:: EXERCISE DATA ::

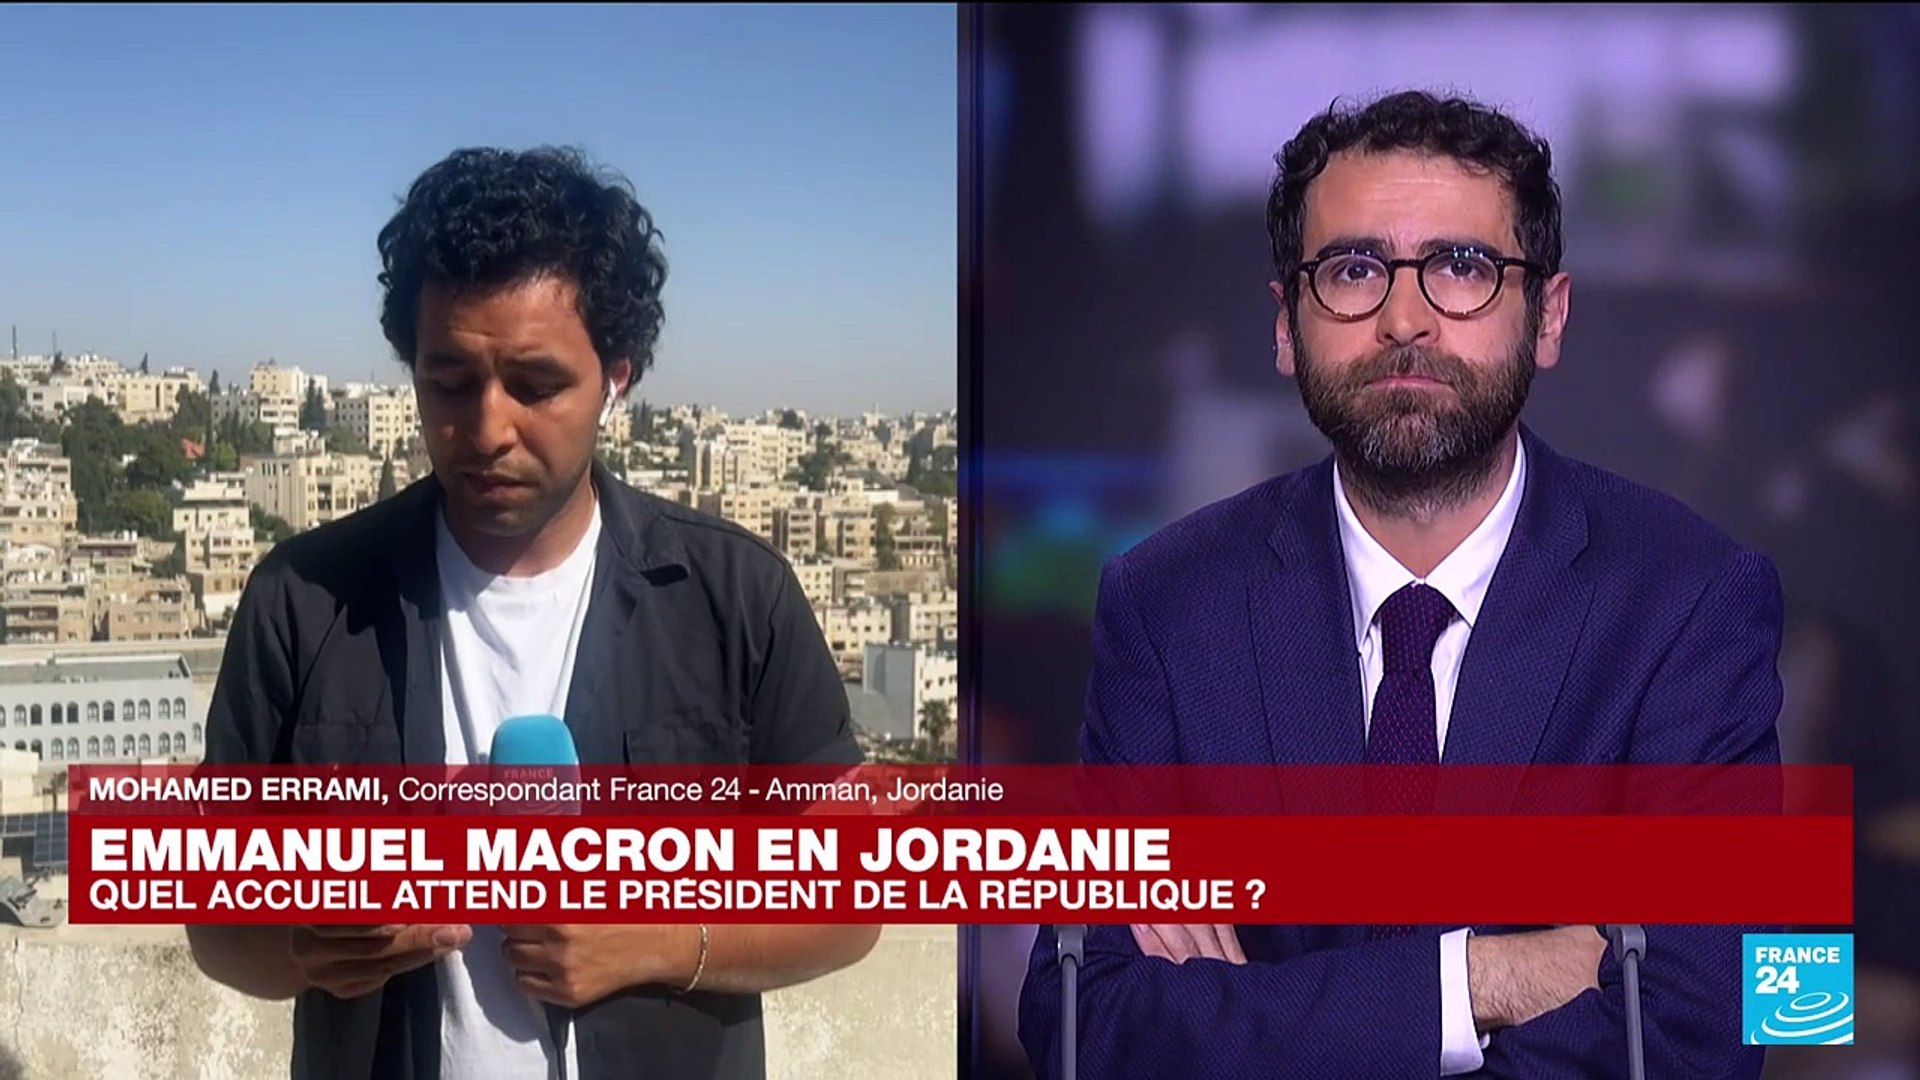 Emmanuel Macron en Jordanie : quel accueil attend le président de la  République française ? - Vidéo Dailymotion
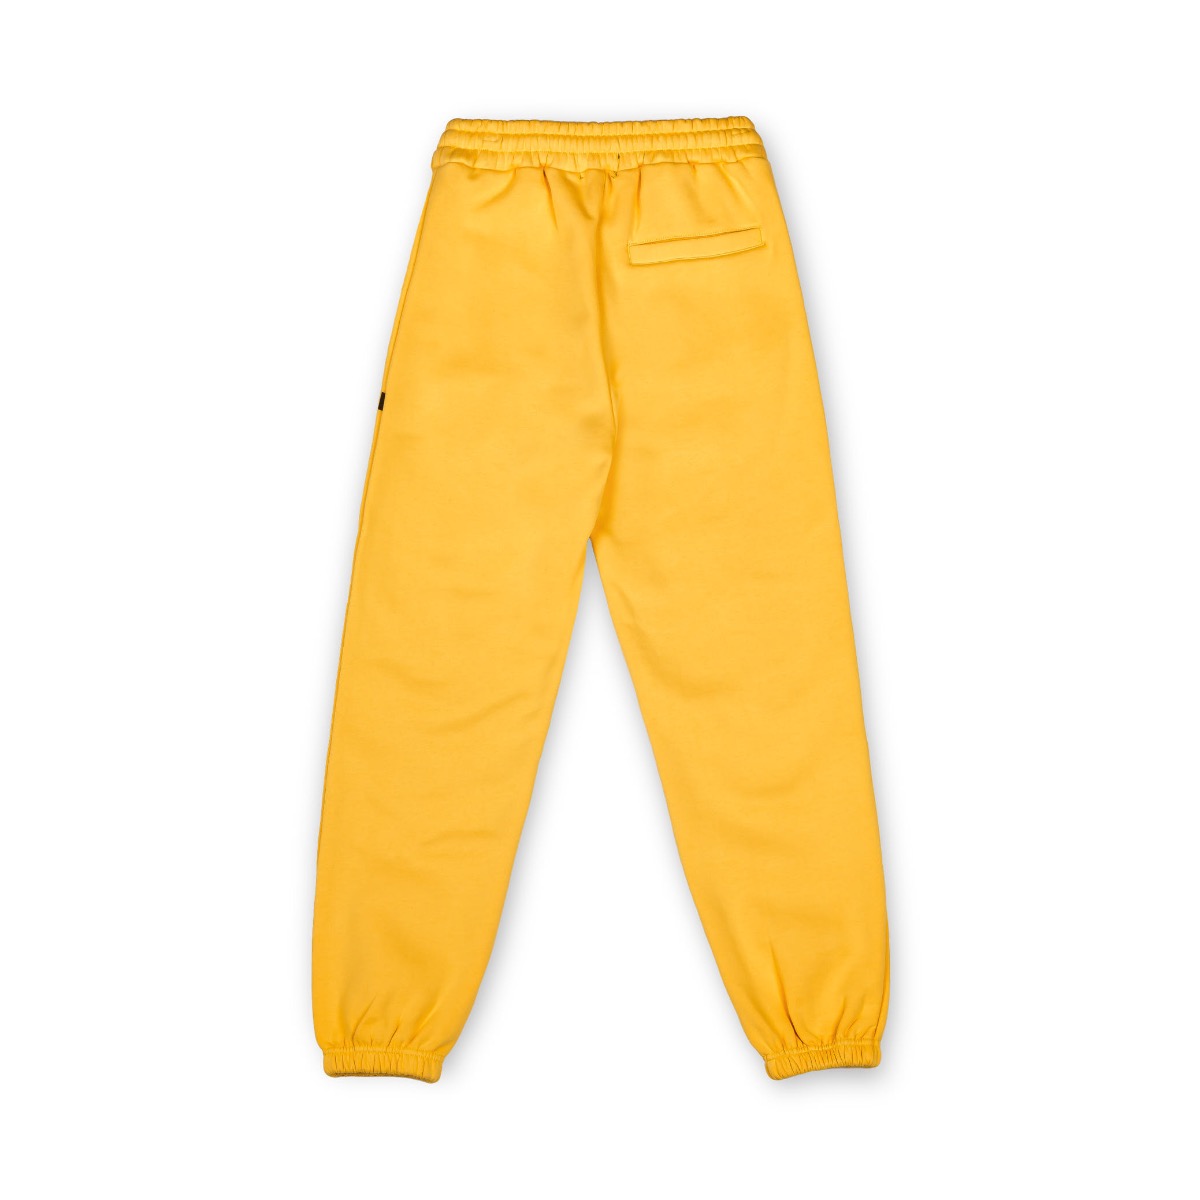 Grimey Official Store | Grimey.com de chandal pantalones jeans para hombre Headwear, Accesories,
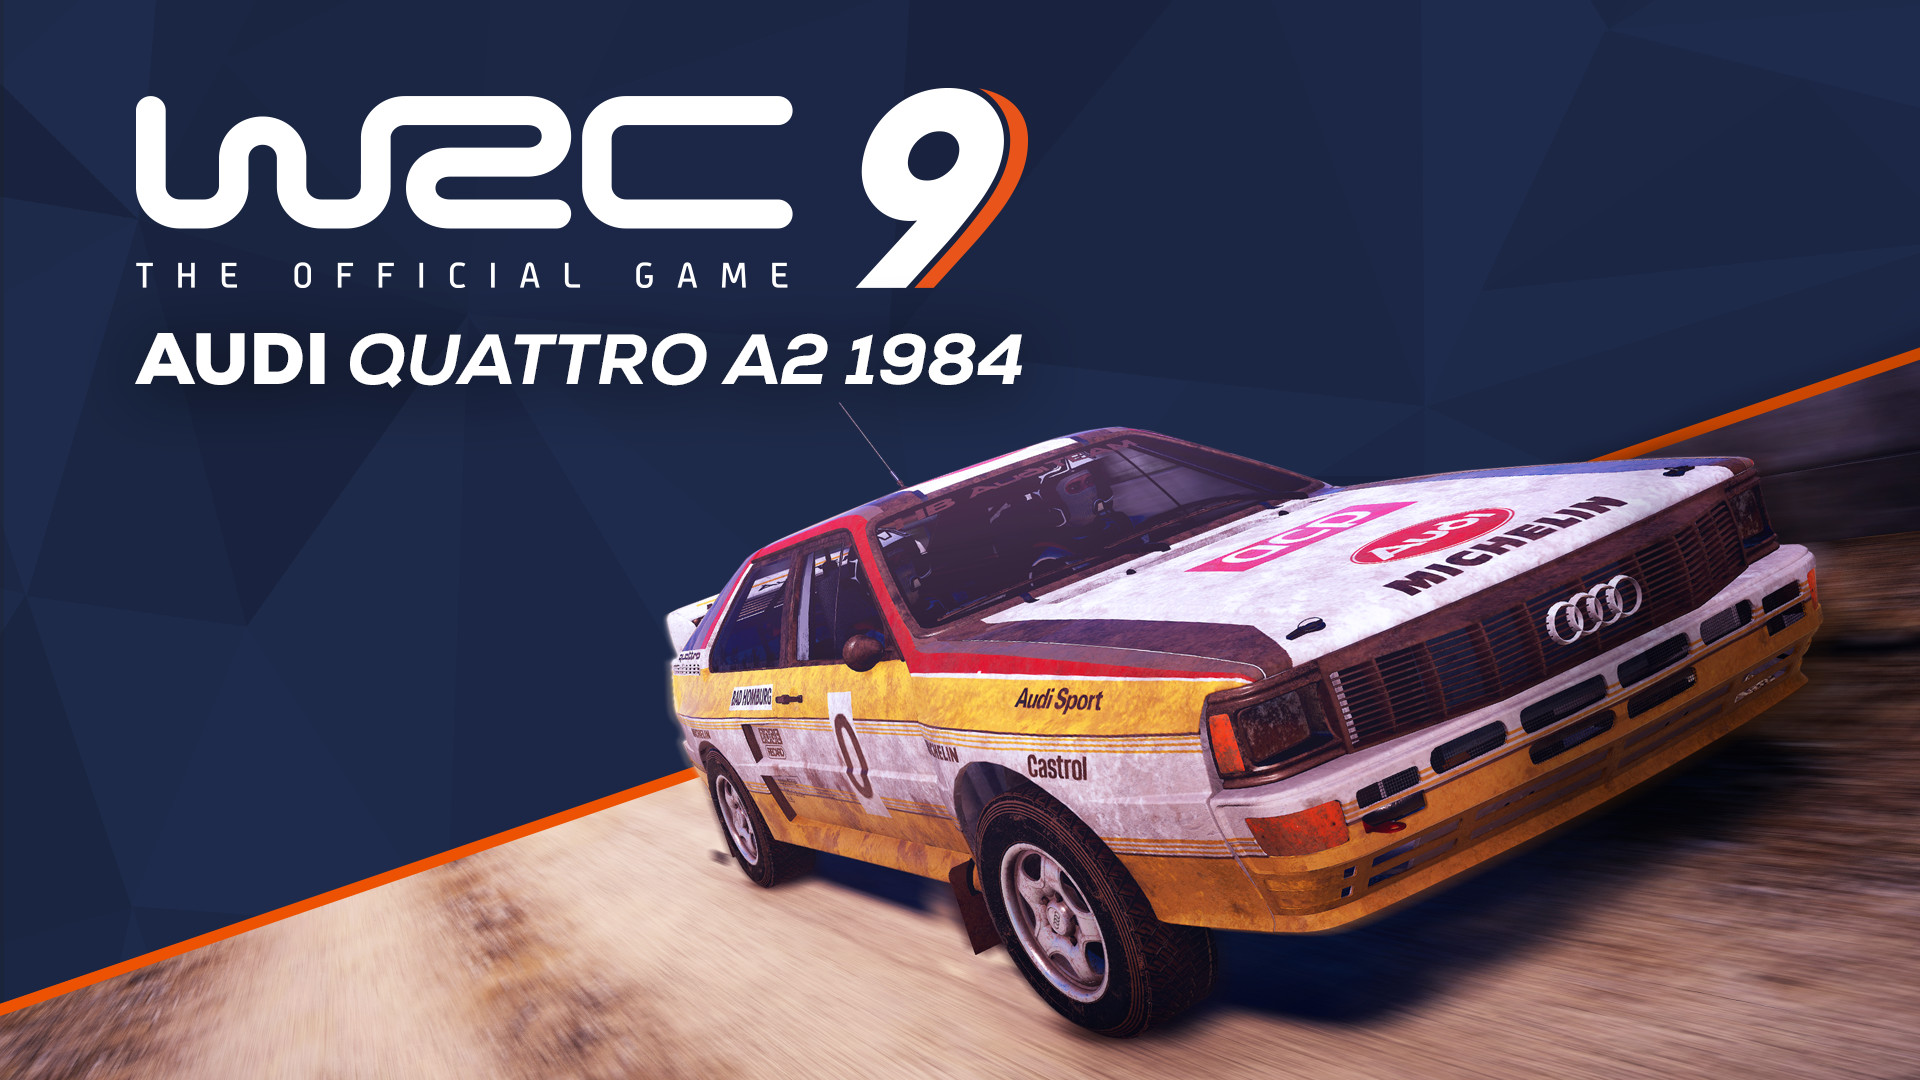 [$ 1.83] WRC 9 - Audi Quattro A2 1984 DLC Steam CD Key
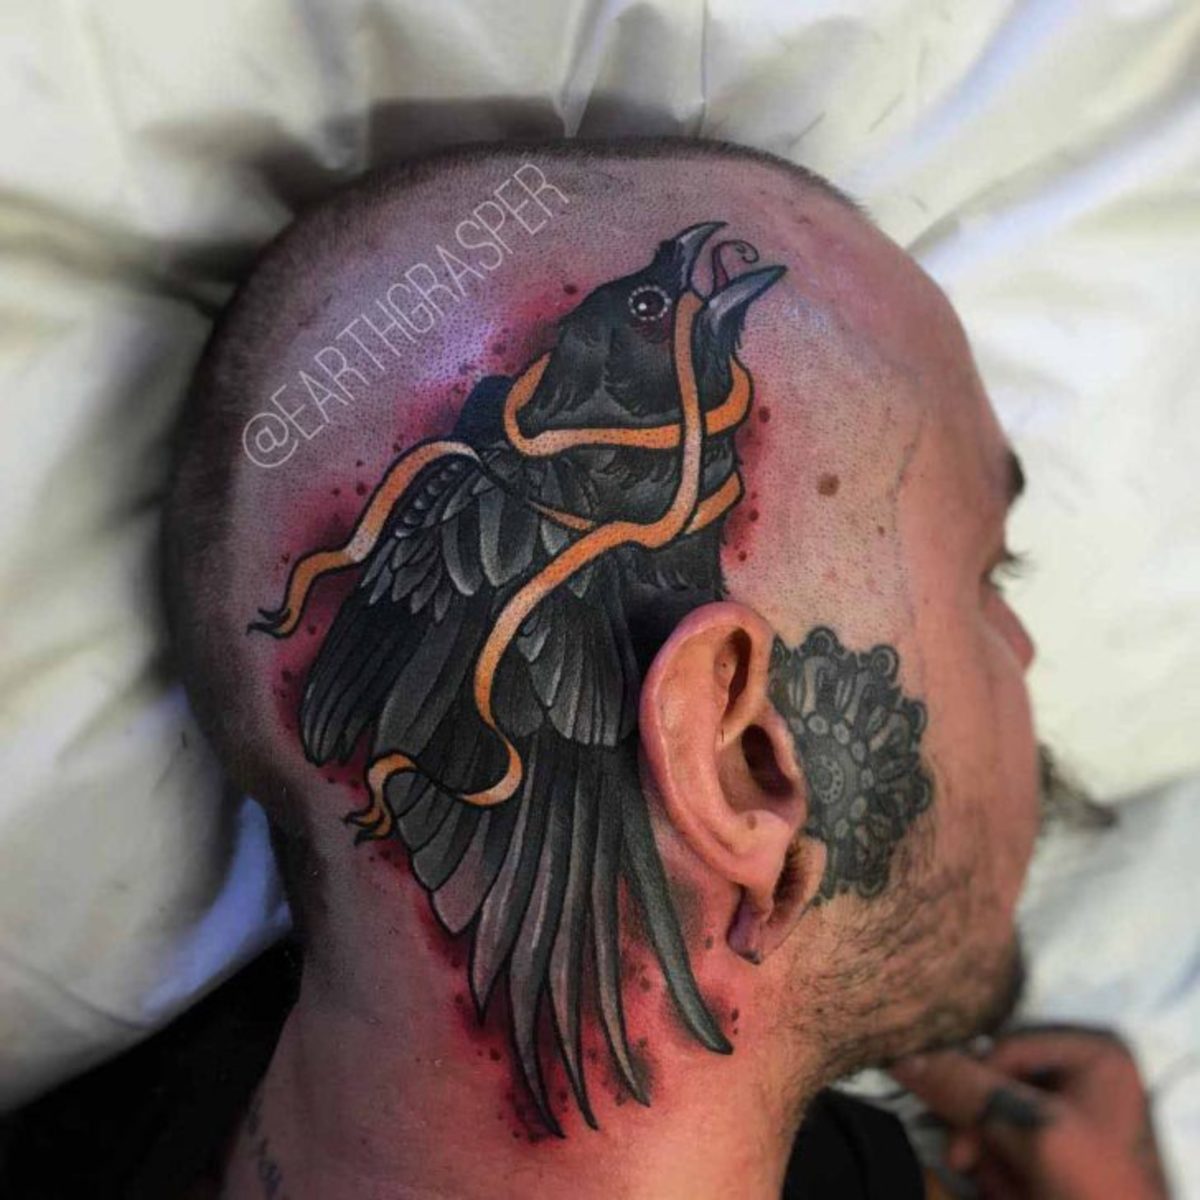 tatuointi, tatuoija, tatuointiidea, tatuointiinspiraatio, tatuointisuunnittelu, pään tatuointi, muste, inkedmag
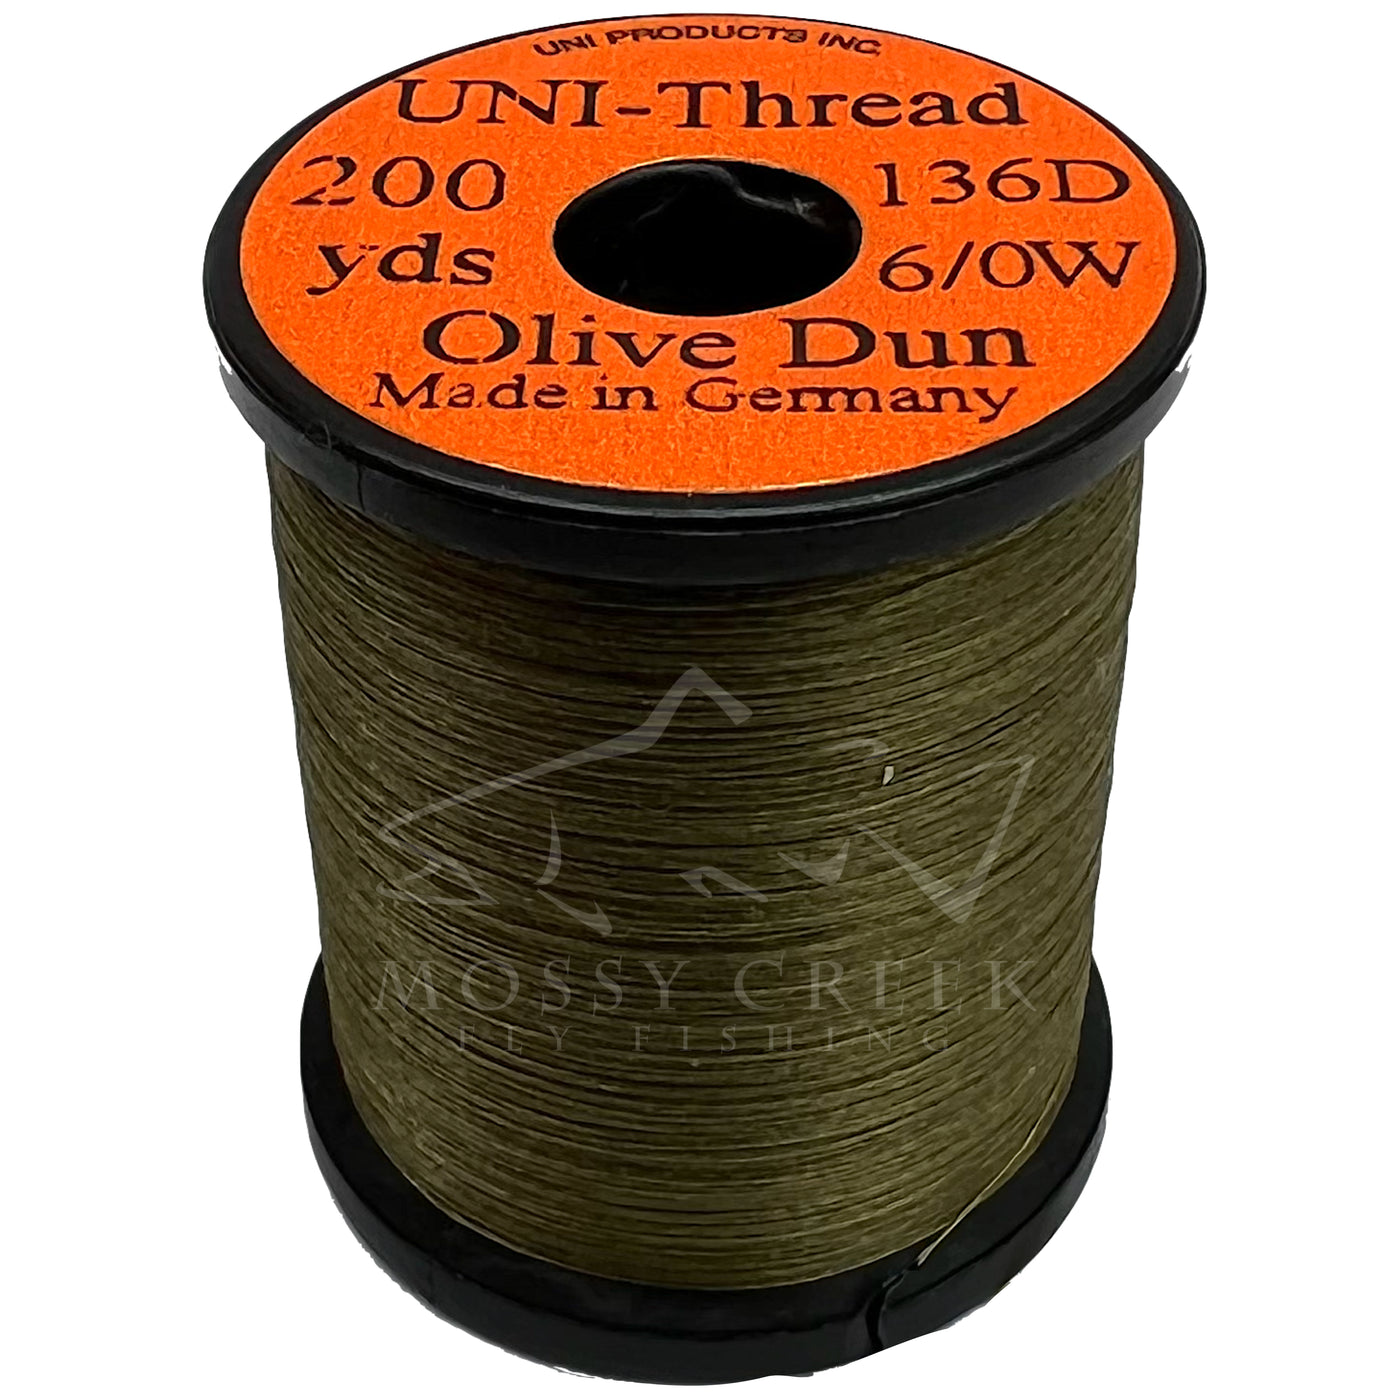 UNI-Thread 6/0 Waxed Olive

:::

(WHAT THE TASK REQUIRES) With the pictures removed, return the data above word for word.

(PROBLEM SOLUTION)
 Emmanuel Macron en Jordanie : quel accueil attend le président de la  République française ? - Vidéo Dailymotion
 Grimey Official Store | Grimey.com de chandal pantalones jeans para hombre Headwear, Accesories,
 [$ 1.83] WRC 9 - Audi Quattro A2 1984 DLC Steam CD Key
 tatuointi, tatuoija, tatuointiidea, tatuointiinspiraatio, tatuointisuunnittelu, pään tatuointi, muste, inkedmag
 UNI-Thread 6/0 Waxed Olive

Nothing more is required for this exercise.